Although the shooting has stopped, Ukraine remains a mess.  While much has happened, little has changed and, if there is a future, it is far in the distance.

Yet still I am hopeful. The Ukrainian people are injured and angry, but they are also intelligent, cultured and—above all things—patient.  They are searching for solutions, not miracles. They want a government that serves them instead of one that oppresses and steals from them.  Their most fervent desire is to live a “normal life” in a “normal country.”

I spent the late 1990’s in Poland and I’ve seen a deeply troubled and dysfunctional society transform itself into an emerging economic power.  We’ve learned lessons and know how to make it happen.

First, Yanukovych must not return.  If the past three months has shown us anything it is that nobody wants him in Ukraine.  Not his erstwhile political allies—28 of his Party of Regions MP’s defected yesterday—not the oligarchs and certainly not the Maidan.  Nobody.  To jail or to exile, but he must go.

Second, is greater integration with Europe.  That doesn’t have to mean a split from Russia, but as anyone who saw the vast corruption, intolerance and incompetence on display at the Olympics in Sochi could tell you, Putin’s way is not the way forward.

Integration with Europe in not a mere matter of changing alliances, the ascension process itself is essential to progress. The reforms needed in Ukraine are almost beyond comprehension. Think about the much needed tax reform process in the US—already stalled for years—and then multiply that by a thousand.

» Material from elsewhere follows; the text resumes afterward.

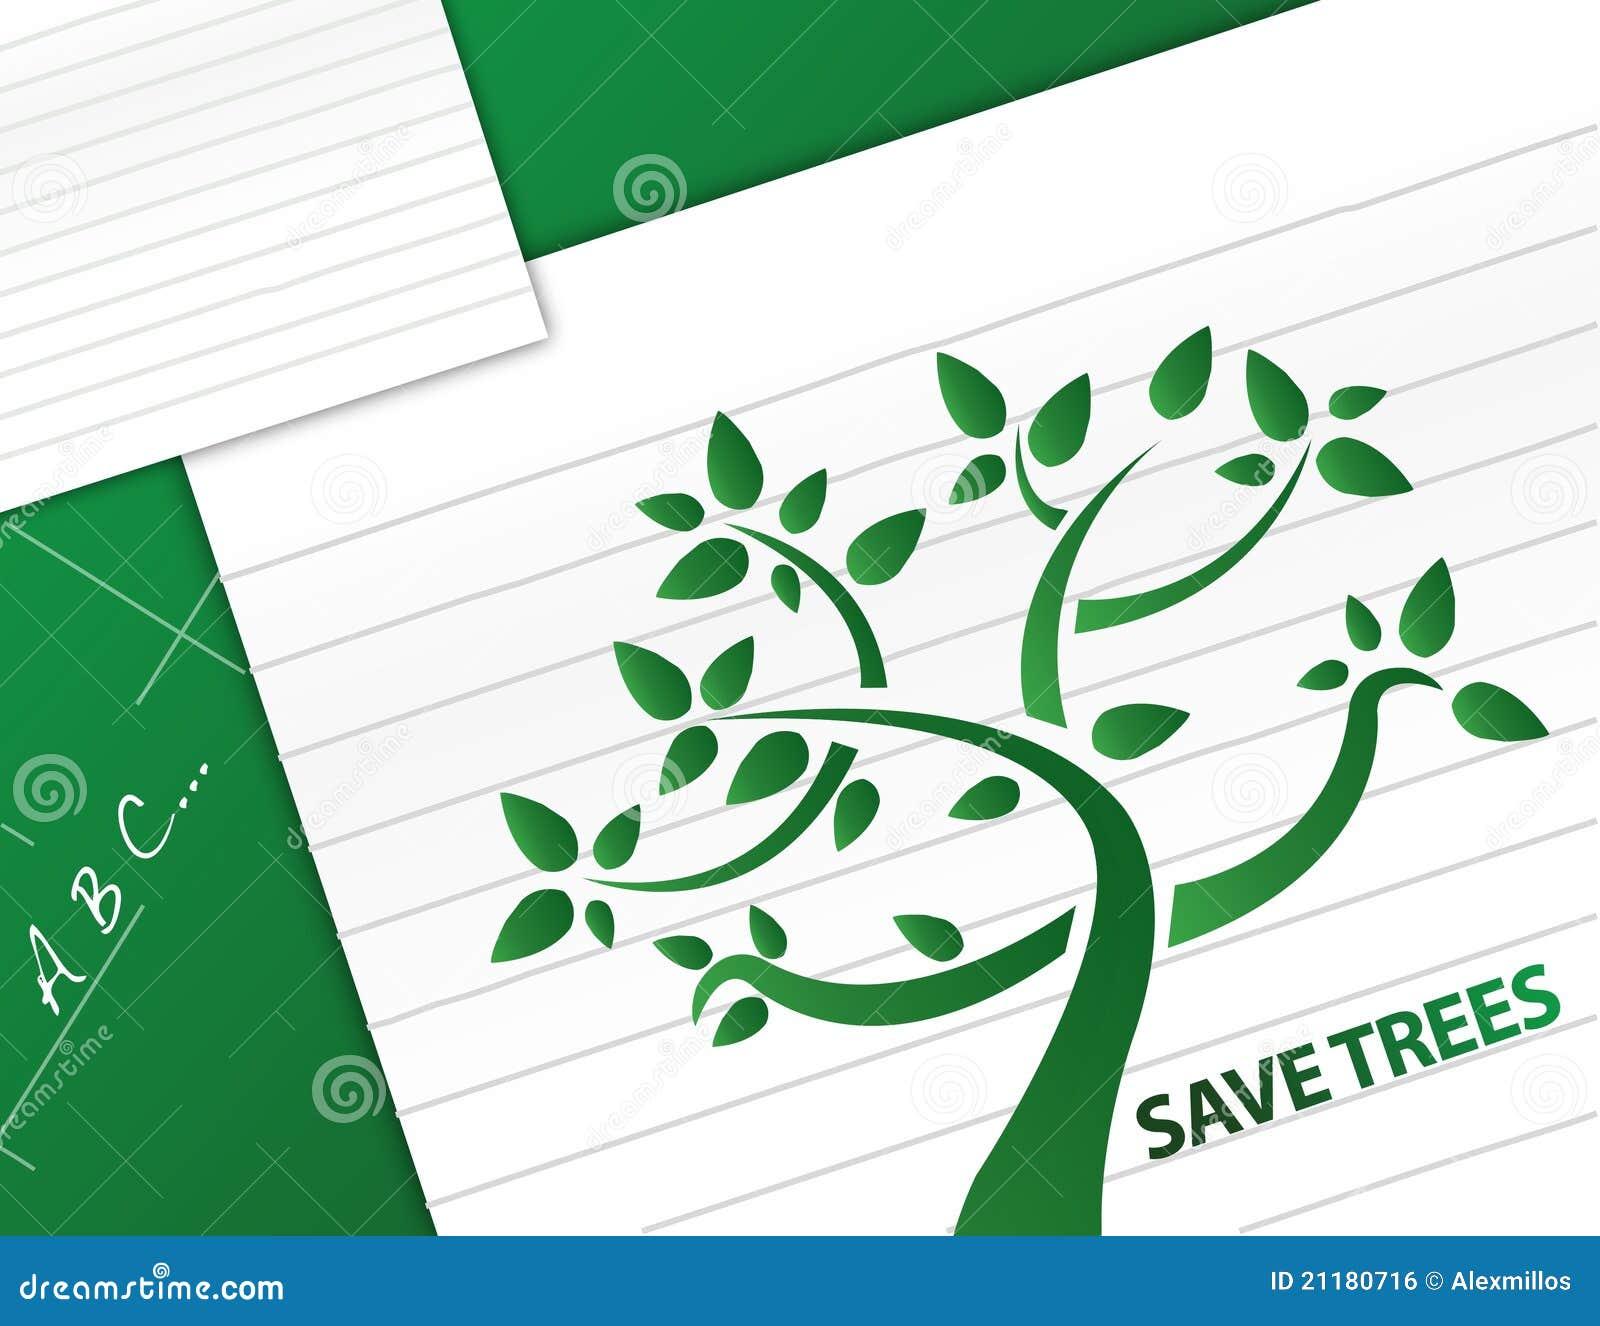 Save trees illustration design

Virtually every aspect of public life—from the judiciary, to the civil code to the very structure of the government itself—needs to be transformed.  Each reform will bring concentrated losses to an entrenched set of special interests and diffuse benefits to the general public. Even the most educated electorate couldn’t hope to keep track.

However, EU ascension requirements play the role of a valuable shorthand.  It’s binary.  Either the government is fulfilling its obligations or it isn’t.  We should remember it wasn’t a heroic leader that brought Poland into modern prosperity but a fairly boring former communist apparatchik.

Lastly, Ukraine will need financial assistance.  Although the amount of money involved will not be enormous, there will still be complicated issues.  Previous aid packages ended up in Swiss bank accounts, so strict controls will be essential.  However, Putin will be happy to offer billions with few strings attached, except personal loyalty and a rejection of the EU.

So the story is far from over.  I would give Ukraine no better than a 50/50 shot and I’m an optimist.  In truth, with so much that needs to be done, so many competing interests and a dizzying array of moving parts, nobody can say for sure what the future holds for Ukraine.

The only thing that is certain is that the Maidan still stands, it's watching and, if betrayed, it will surely rise up again.

Update: The Ukrainian Parliament has voted unanimously (328-0) to impeach President Yanukovych. It appears that Parliament will run the country until new presidential elections are held in three months. The EU is expected to appoint a special envoy soon.